The entrepreneurs, emerging victorious from the court battle, now face fresh negotiations in environment ministry regarding fees from 2016 and onwards.

«We are not challenging the situation where we would have to pay more in environment fees, in times to come. We were against a situation where they started to break earlier promises,» says Rein Voog, representative of the miners and former top politician at Reform Party.  

«The court ruling clears a lot of air, between ministry and enterprises. We do not want changes like this and the recent car VAT thing to pop up in budget talks at eleventh hour,» he added.

The debate

•    On November 12th 2009, the government issued a regulation regarding mineral resources and water environmental fee rates for 2010–2015, stating that rates were to be raised by about five percent, yearly.

•    On October 12th 2012, a new governmental regulation entered into force, raising environmental fees by a total of 60 per cent over next three years.

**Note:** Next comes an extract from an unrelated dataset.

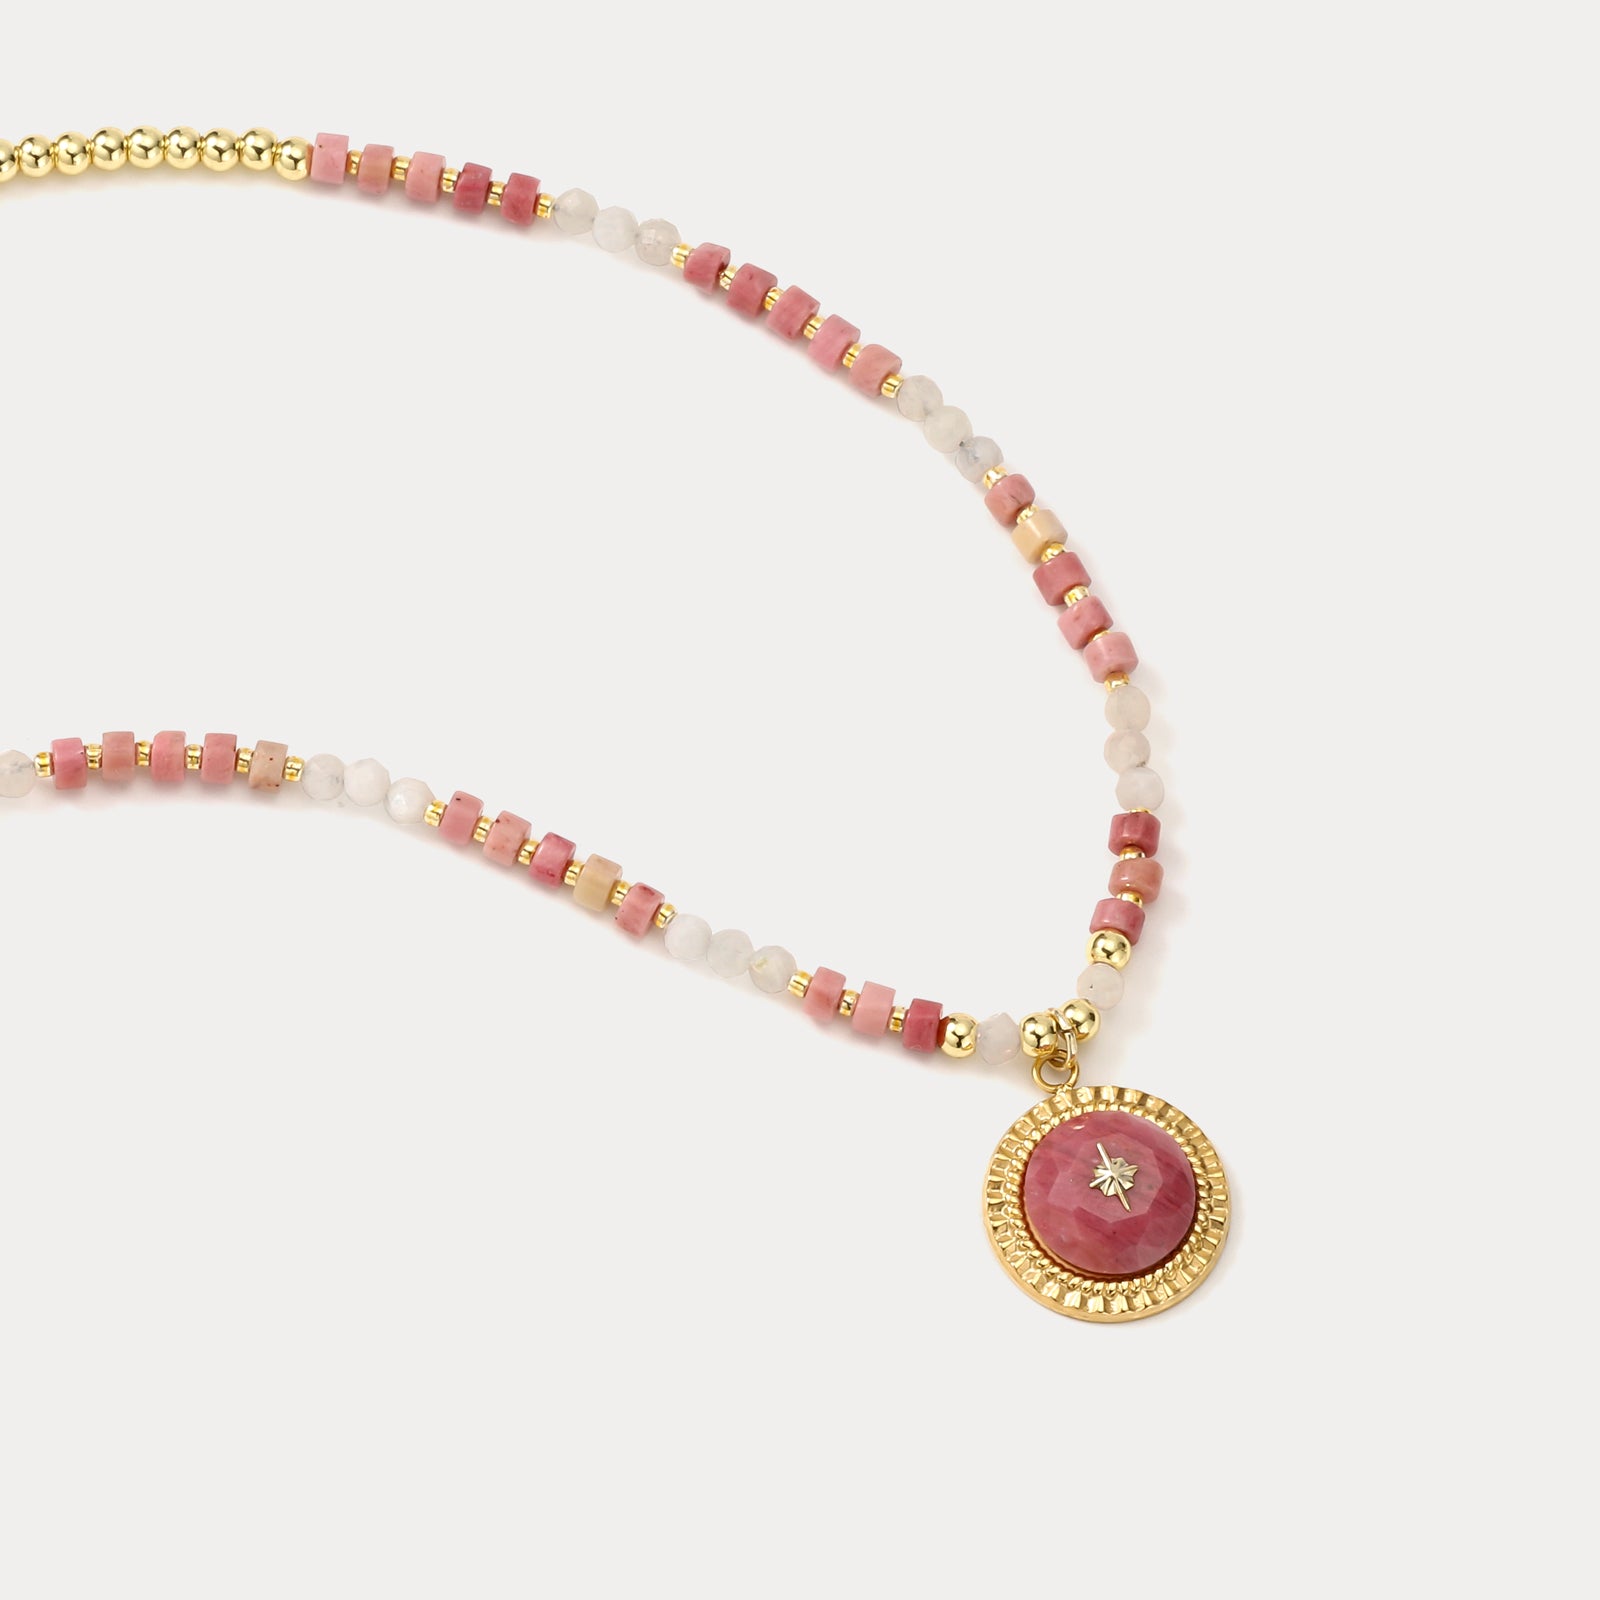 Desert Flower Beads Necklace
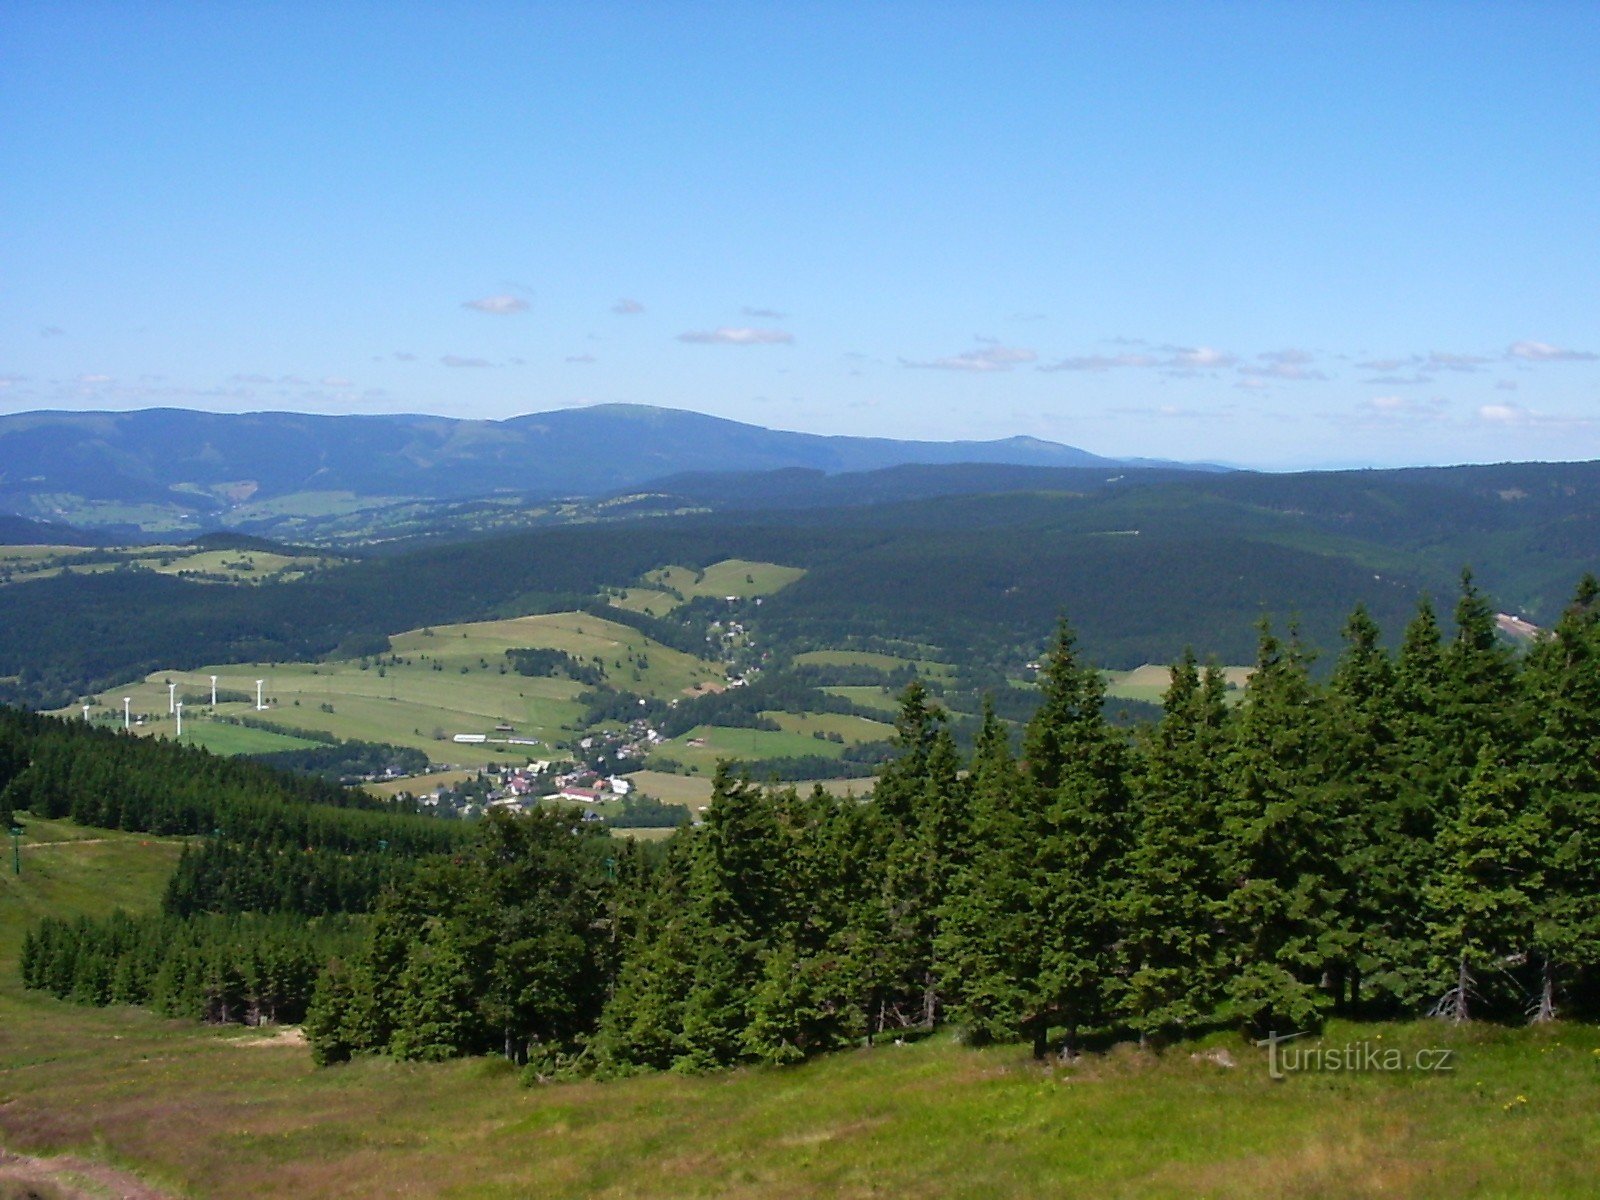 La vista a lo largo de la carretera desde aproximadamente la mitad del camino a Šerák

•    Last November, mining enterprises association, association of construction material producers, peat association, and federation of chemical industries had recourse to Chancellor of Justice to get their rights. 

•    On April 23rd 2013, the Chancellor of Justice proposed the government bring the regulation in line with the Constitution i.e. return to the rates agreed earlier.

•    On May 9th, the government left the regulation unaltered.

•    On June 6th, the Chancellor of Justice took the case to Supreme Court.

•    On December 16th, the court, having reviewed the case by way of written proceeding, ruled the government regulation to be unlawful.